Fourteenth Amendment Where it’s used

  [ for-teenth uh-mend-muhnt ]

Those born in the US are naturalized US citizens and have the right to life, liberty, and property with equal protection of the laws. This amendment is especially significant in showing how Japanese Americans’ constitutional rights were violated.

Immigration Act of 1924 Where it’s used

  [ i-muh-gray-shn akt uhv nine-teen-twen-tee-for ]

A federal law that denied immigration to the US from Japan and other Asian countries (except the Philippines, which was then a US colony).

Japantown Where it’s used

Neighborhoods in cities in the Western United States, like San Francisco or Seattle, which served as the center of Japanese American life and culture before World War II.

Ozawa v. United States Where it’s used

  [ ozawa vur-suhz yoo-nai-tuhd stayts ]

A Supreme Court decision that determined Japanese people and other Asians were not allowed to become US citizens.
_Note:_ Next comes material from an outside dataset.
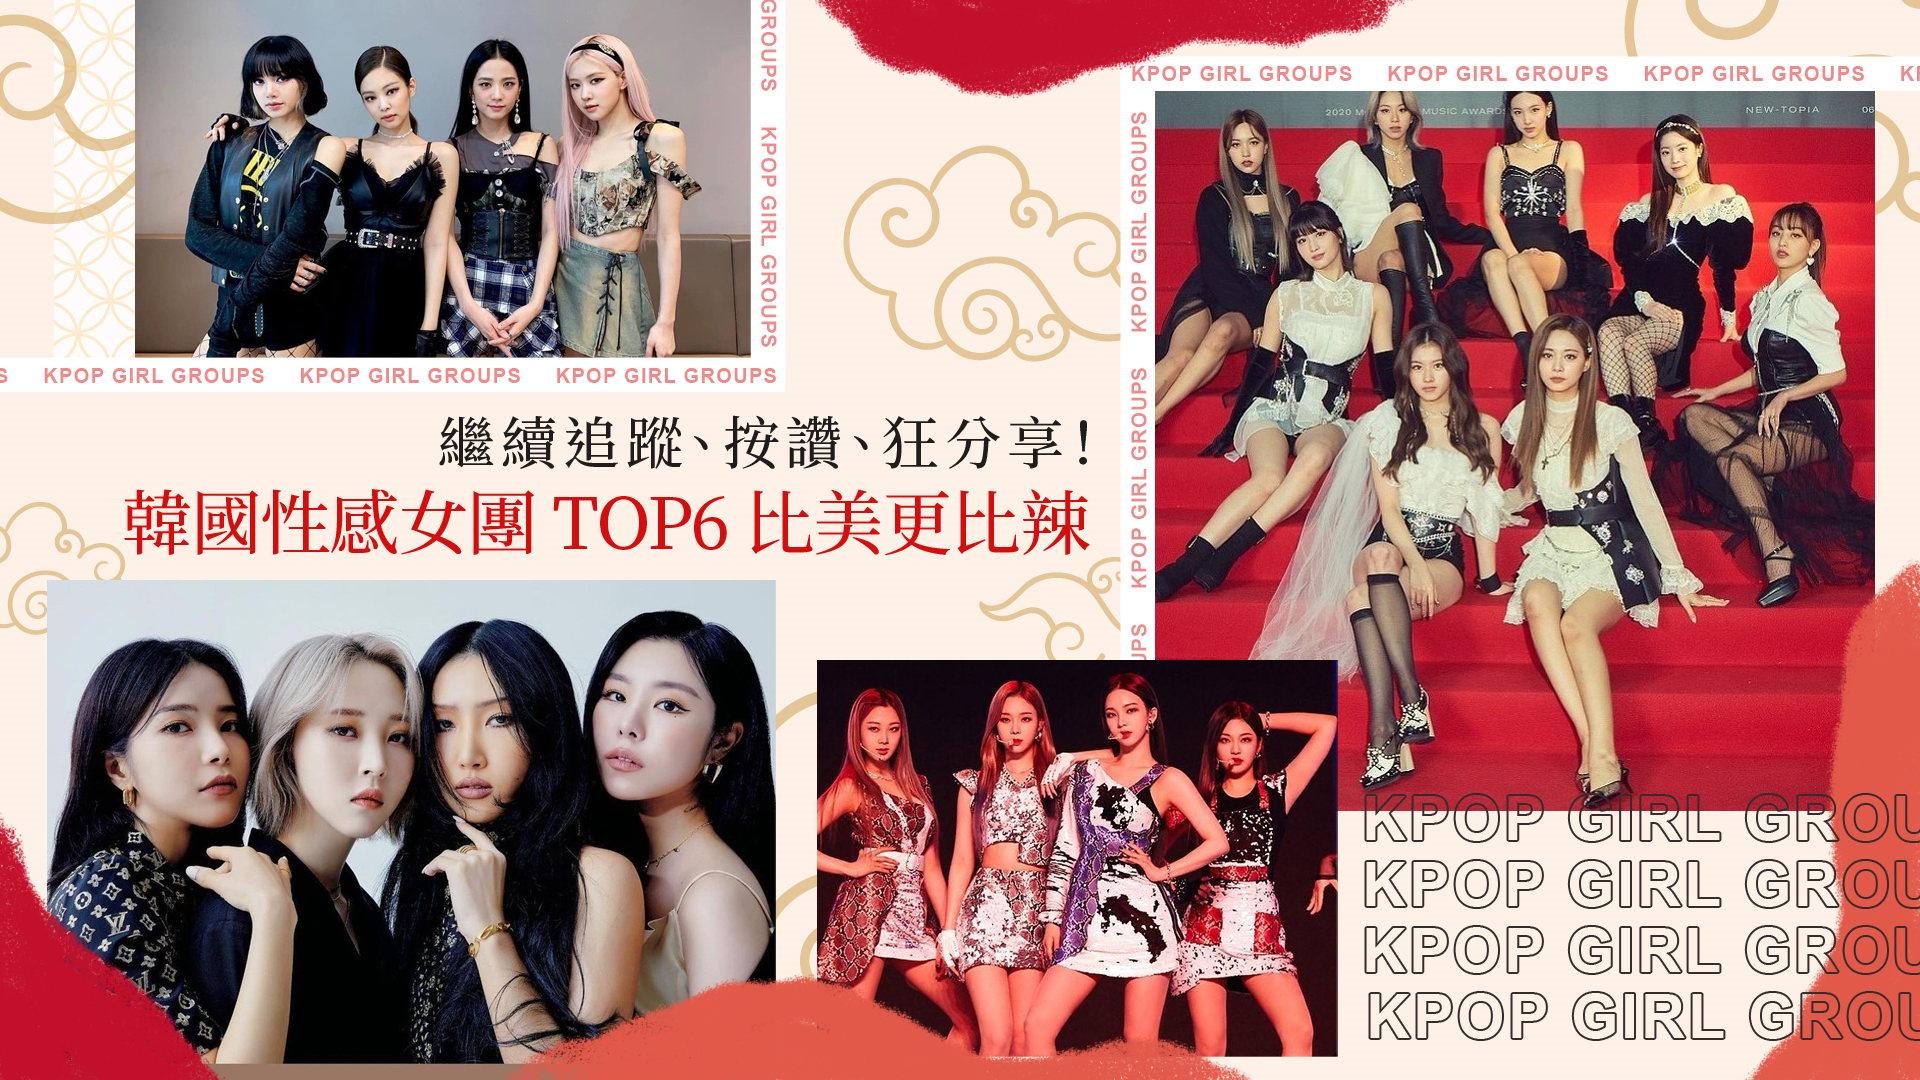 TWICE、BLACKPINK…韓國性感女團盤點!周子瑜、Lisa 就是辣眼
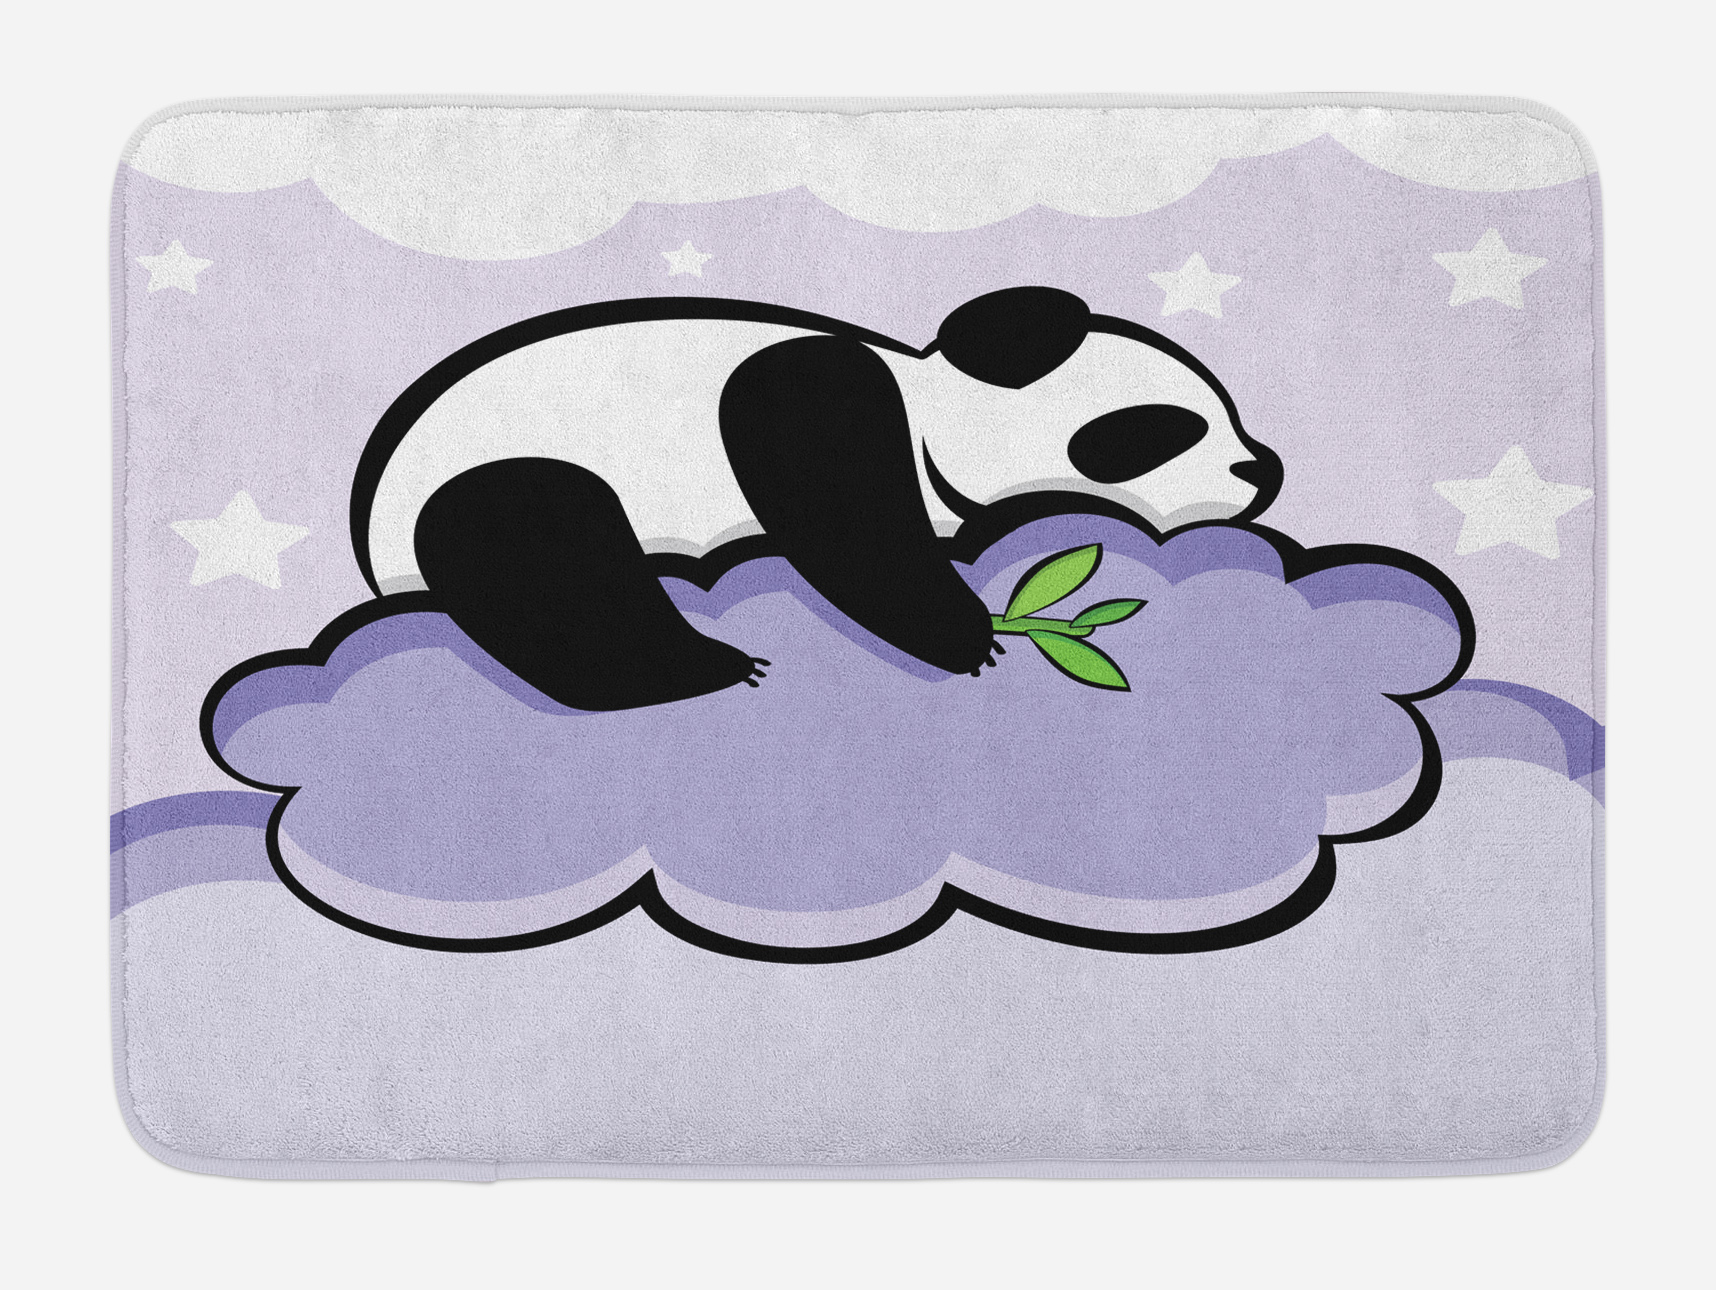 Panda Bath Mat, Panda Bear Sleeping on Cloud in Starry Night Sky Children Cartoon... by 3decor llc

Personal Justice Denied Where it’s used

The title of the formal 467-page report written by the Commission on Wartime Relocation and Internment of Civilians (CWRIC). The report concluded that Executive Order 9066 and wartime incarceration of Japanese Americans was not a military necessity, but instead a result of racism, wartime hysteria, and failed leadership.

reparations Where it’s used

The actions that a government or individuals take to offer an apology or give satisfaction for a wrong or injury.

redress movement Where it’s used

The term “redress” means to right a wrong or injustice, often through compensation. During the redress movement, many activist groups fought to gain reparations for Japanese Americans who were wrongfully incarcerated during World War II. These activists sought for the restoration of Japanese Americans’ civil rights, compensation for lost property, and a formal national apology.

War Relocation Authority (WRA) Where it’s used

The federal agency that managed the imprisonment of Japanese Americans. The word “relocation” inaccurately describes the action as simply moving or relocating to a new home. In reality, Japanese Americans did not have a choice and were forcibly removed from their homes.